Below is an example for taking a snapshot of the keyspace served by $ENDPOINT
to the file snapshotdb
:
ETCDCTL_API=3 etcdctl --endpoints $ENDPOINT snapshot save snapshotdb
# exit 0
# verify the snapshot
ETCDCTL_API=3 etcdctl --write-out=table snapshot status snapshotdb
+----------+----------+------------+------------+
| HASH | REVISION | TOTAL KEYS | TOTAL SIZE |
+----------+----------+------------+------------+
| fe01cf57 | 10 | 7 | 2.1 MB |
+----------+----------+------------+------------+
If etcd is running on a storage volume that supports backup, such as Amazon Elastic Block Store, back up etcd data by taking a snapshot of the storage volume.
Scaling up etcd clusters increases availability by trading off performance. Scaling does not increase cluster performance nor capability. A general rule is not to scale up or down etcd clusters. Do not configure any auto scaling groups for etcd clusters. It is highly recommended to always run a static five-member etcd cluster for production Kubernetes clusters at any officially supported scale.
A reasonable scaling is to upgrade a three-member cluster to a five-member one, when more reliability is desired. See etcd Reconfiguration Documentation for information on how to add members into an existing cluster.
etcd supports restoring from snapshots that are taken from an etcd process of the major.minor version. Restoring a version from a different patch version of etcd also is supported. A restore operation is employed to recover the data of a failed cluster.

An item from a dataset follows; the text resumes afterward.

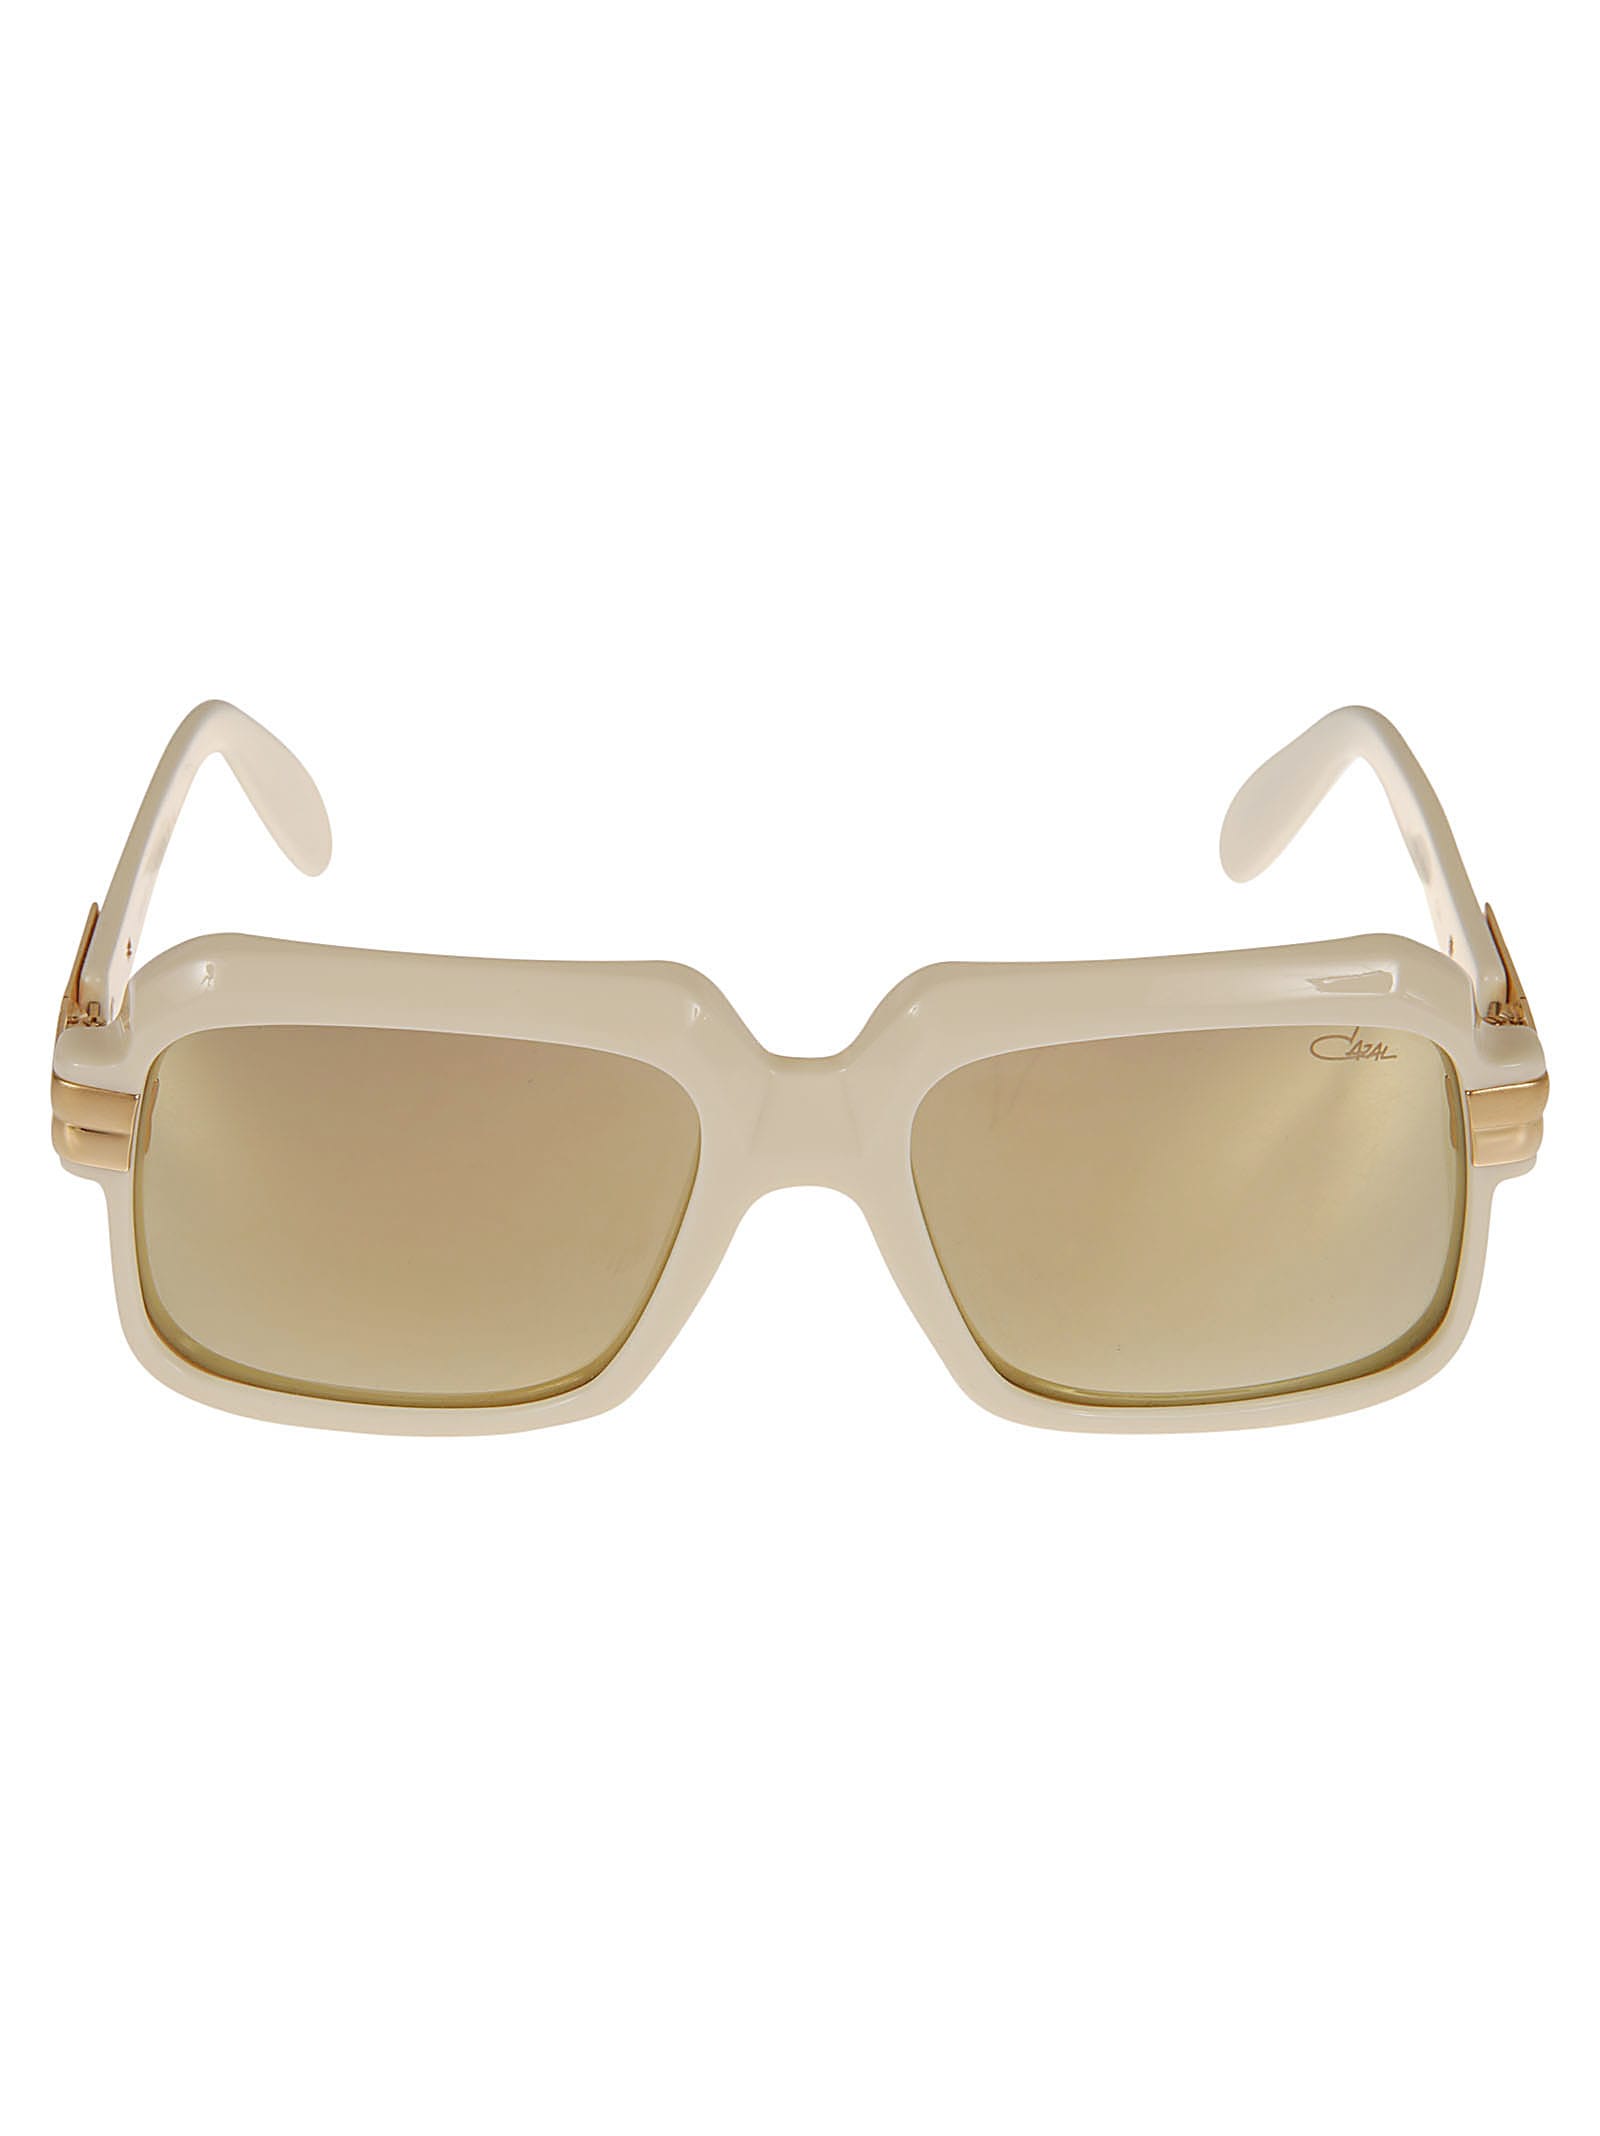 Cazal Classic Square Sunglasses
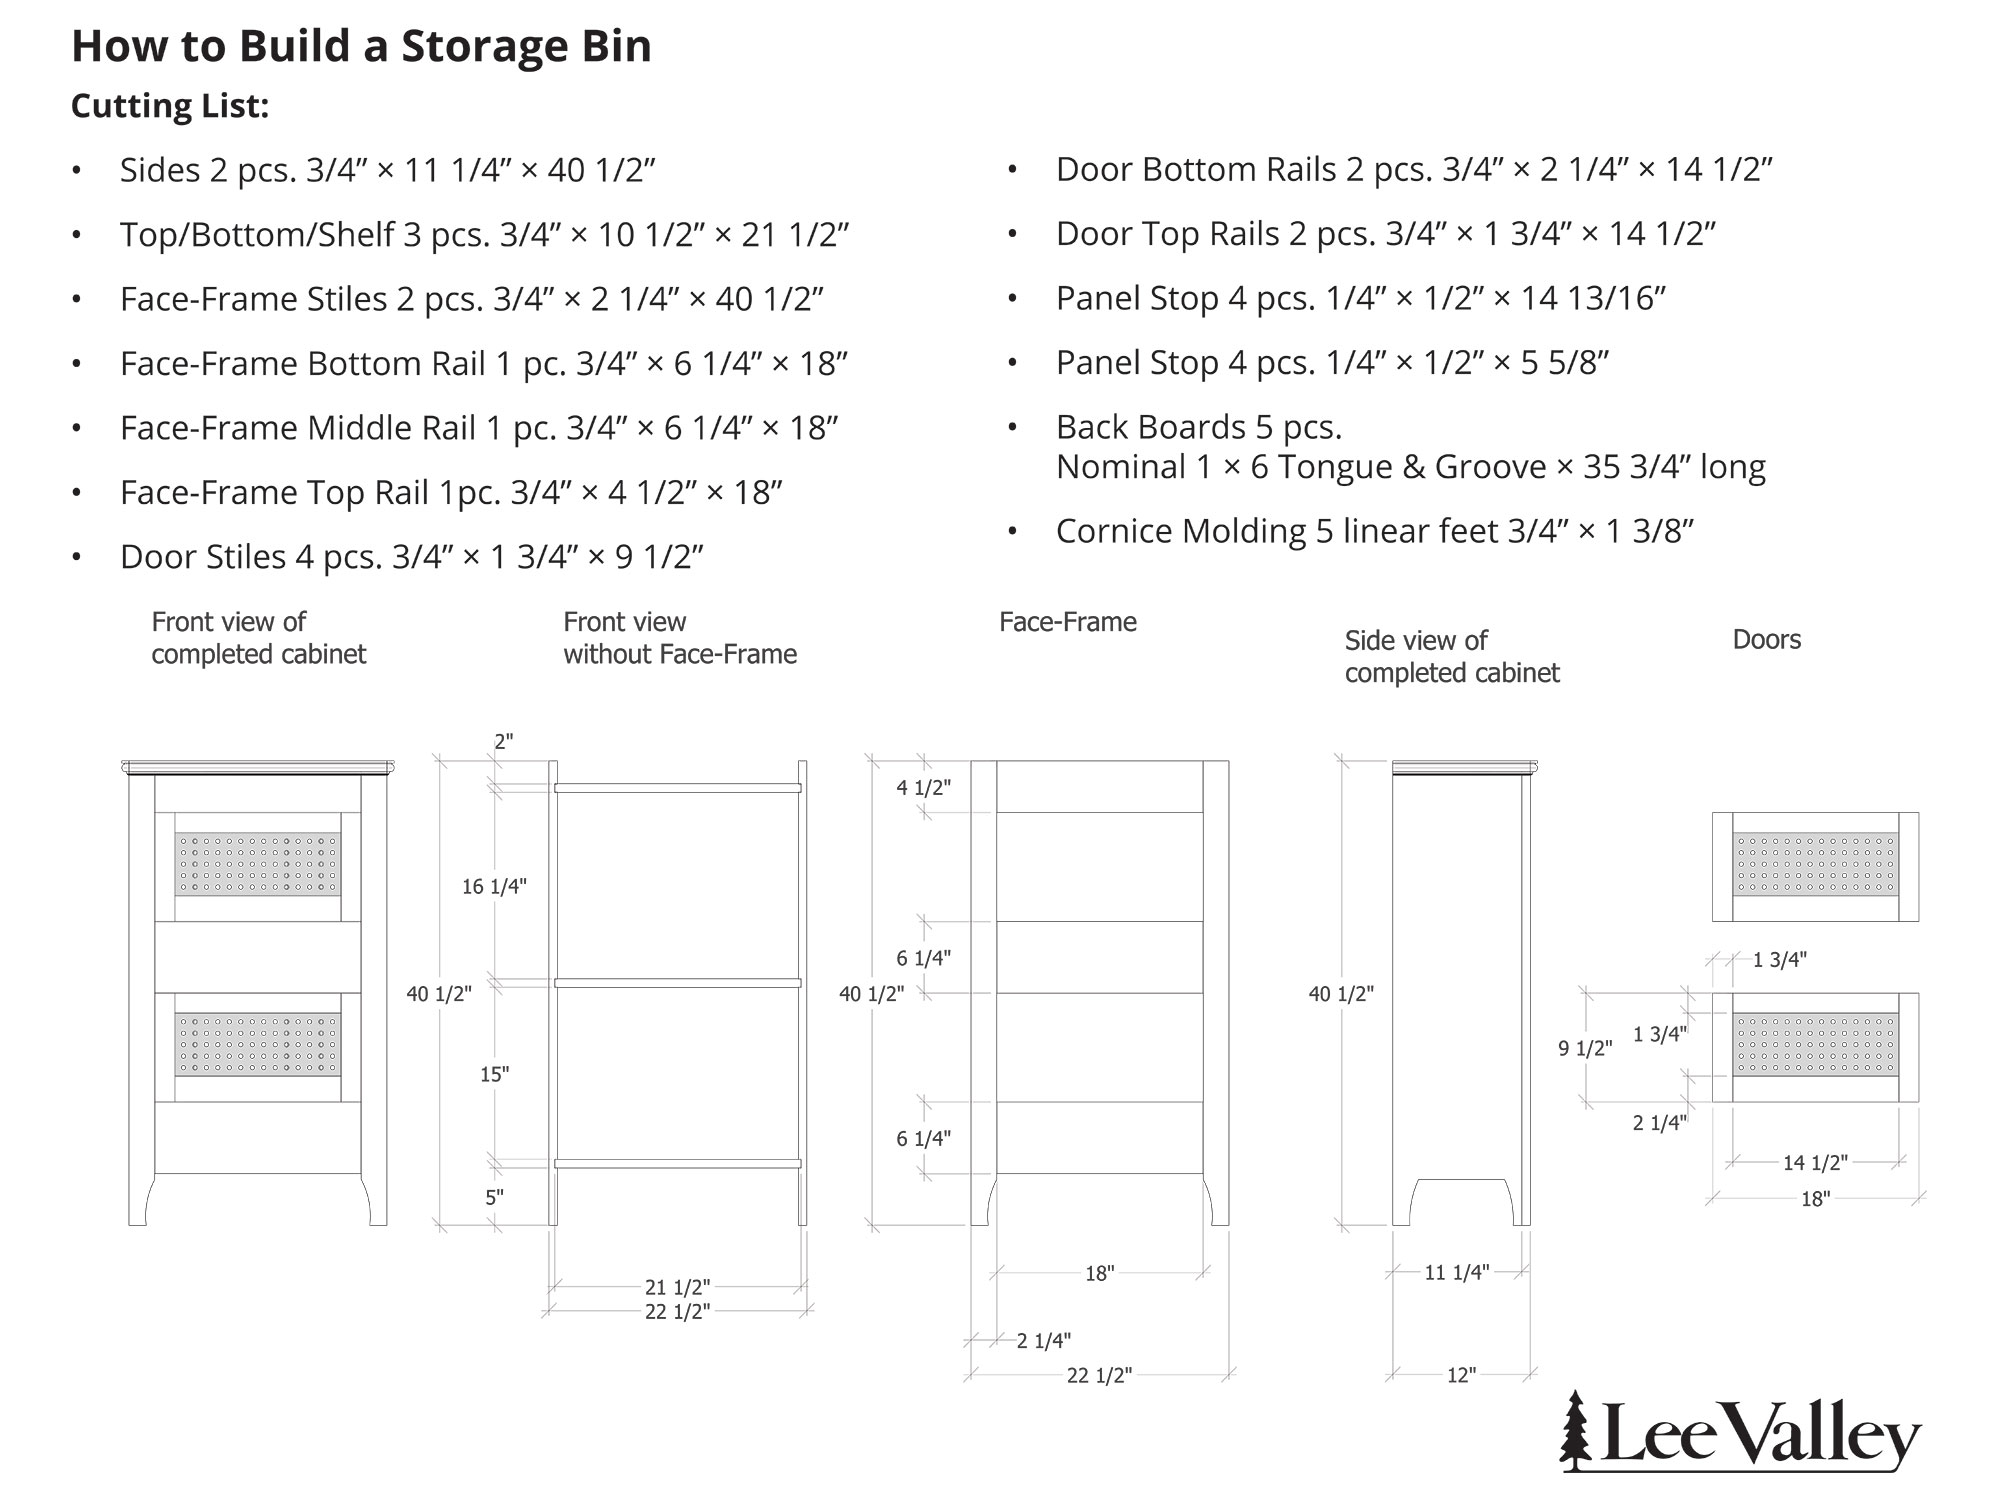 How to Build a Food Storage Bin

Before starting the restore operation, a snapshot file must be present. It can either be a snapshot file from a previous backup operation, or from a remaining data directory. datadir
is located at $DATA_DIR/member/snap/db
. For more information and examples on restoring a cluster from a snapshot file, see etcd disaster recovery documentation.
If the access URLs of the restored cluster is changed from the previous cluster, the Kubernetes API server must be reconfigured accordingly. In this case, restart Kubernetes API server with the flag --etcd-servers=$NEW_ETCD_CLUSTER
instead of the flag --etcd-servers=$OLD_ETCD_CLUSTER
. Replace $NEW_ETCD_CLUSTER
and $OLD_ETCD_CLUSTER
with the respective IP addresses. If a load balancer is used in front of an etcd cluster, you might need to update the load balancer instead.
If the majority of etcd members have permanently failed, the etcd cluster is considered failed. In this scenario, Kubernetes cannot make any changes to its current state. Although the scheduled pods might continue to run, no new pods can be scheduled. In such cases, recover the etcd cluster and potentially reconfigure Kubernetes API server to fix the issue.
The upgrade procedure described in this document assumes that either:
The etcd cluster has multiple nodes.
In this case, the upgrade procedure requires shutting down the etcd cluster. During the time the etcd cluster is shut down, the Kubernetes API Server will be read only.
Warning: Deviations from the assumptions are untested by continuous integration, and deviations might create undesirable consequences. Additional information about operating an etcd cluster is available from the etcd maintainers.
As of Kubernetes version 1.5.1, we are still using etcd from the 2.2.1 release with the v2 API. Also, we have no pre-existing process for updating etcd, as we have never updated etcd by either minor or major version.
Note that we need to migrate both the etcd versions that we are using (from 2.2.1 to at least 3.0.x) as well as the version of the etcd API that Kubernetes talks to. The etcd 3.0.x binaries support both the v2 and v3 API.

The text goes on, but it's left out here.